Both my paternal and maternal families have traversed the U.S.-Mexico border back and forth for generations; some uncles and aunts were born on one side, some on the other. Like hundreds if not thousands of other border families, we have maintained family ties and led lives across national boundaries. As a result, we are not your typical “immigrant family”: my mother, after all, had been born in Texas—so returning to the United States from Mexico in 1948 was a kind of coming home.

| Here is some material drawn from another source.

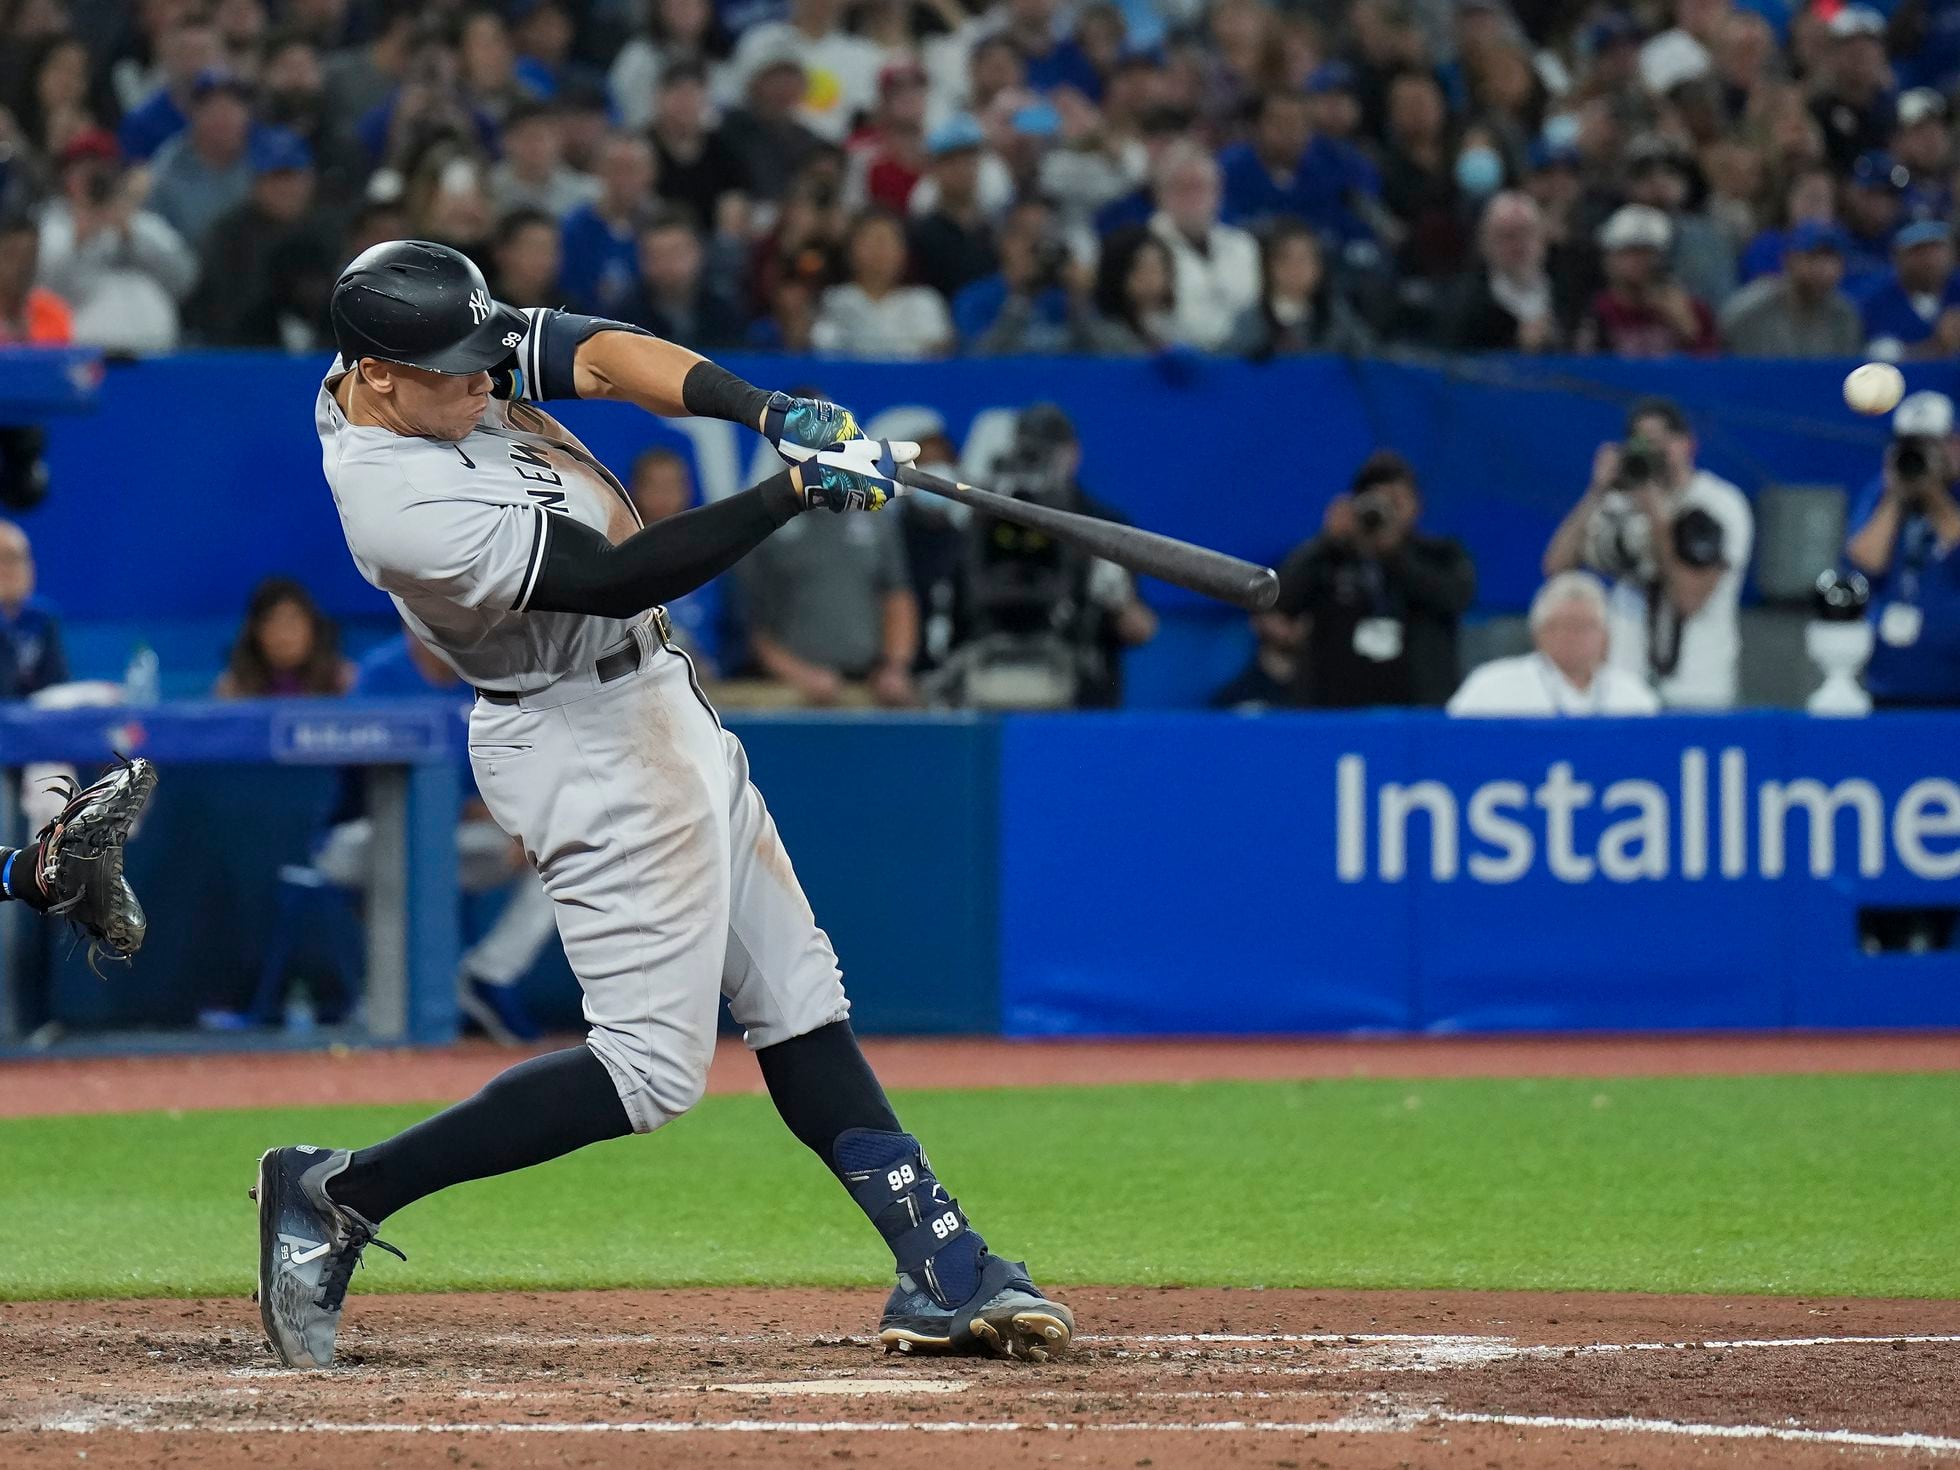 Aaron Judge hace historia en el cierre de una poderosa temporada de béisbol  | Deportes | EL PAÍS

For all my relatives, those who remained in Mexico and those who migrated to the United States, life has remained split. One cousin, Alicia, went to live in Los Angeles, leaving her daughter with my aunt and uncle in Monterrey, the capital of the Mexican state of Nuevo León; another cousin’s child paid a coyote and came to the United States, only to be robbed and forced to return penniless. One cousin, Gonzalo, crossed the river, settled in Chicago, married, had a family, and then returned to the small farming community of Anáhuac Nuevo León, where he was murdered in a bar brawl. His family in Chicago remains unknown to us. My mother, while U.S.-born, lived in Mexico and crossed to work as a maid in a banker’s home until she married. Now in her eighties, she recalls how she traveled by train every week from Laredo to Rodríguez, Nuevo León, carrying goods for my grandmother and my aunt.

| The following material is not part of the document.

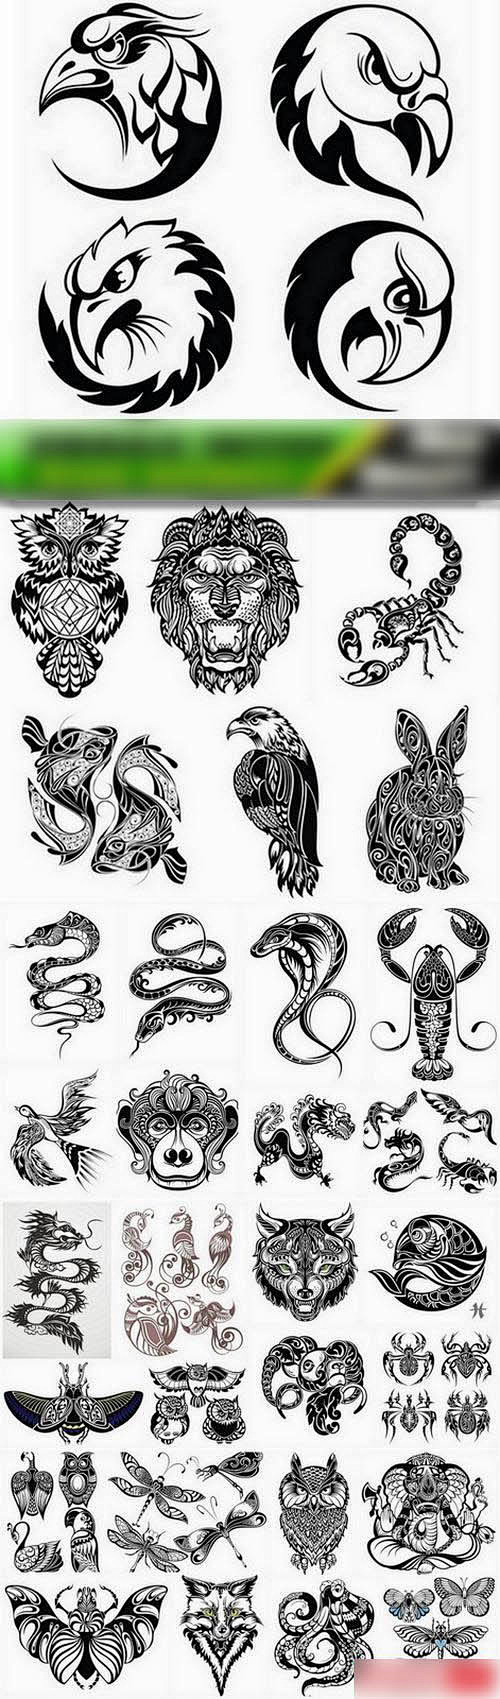 抽象的动物纹身图腾图案eps矢量图设计素材31p2016012226淘宝网

As children we traveled back and forth constantly, sometimes with my parents, sometimes alone, to visit grandparents, purchase certain goods, or just visit friends and have dinner in Mexico. The same freedom was not there for many family members who did not have papers to cross into the United States. In the past, my family had moved pretty freely back and forth. Some of my father’s siblings were born in the United States. As a child I often wondered why we even had a border and what it all meant to have to declare “U.S. citizen” to the uniformed young man who waved us through. But all the same, I knew it was serious business.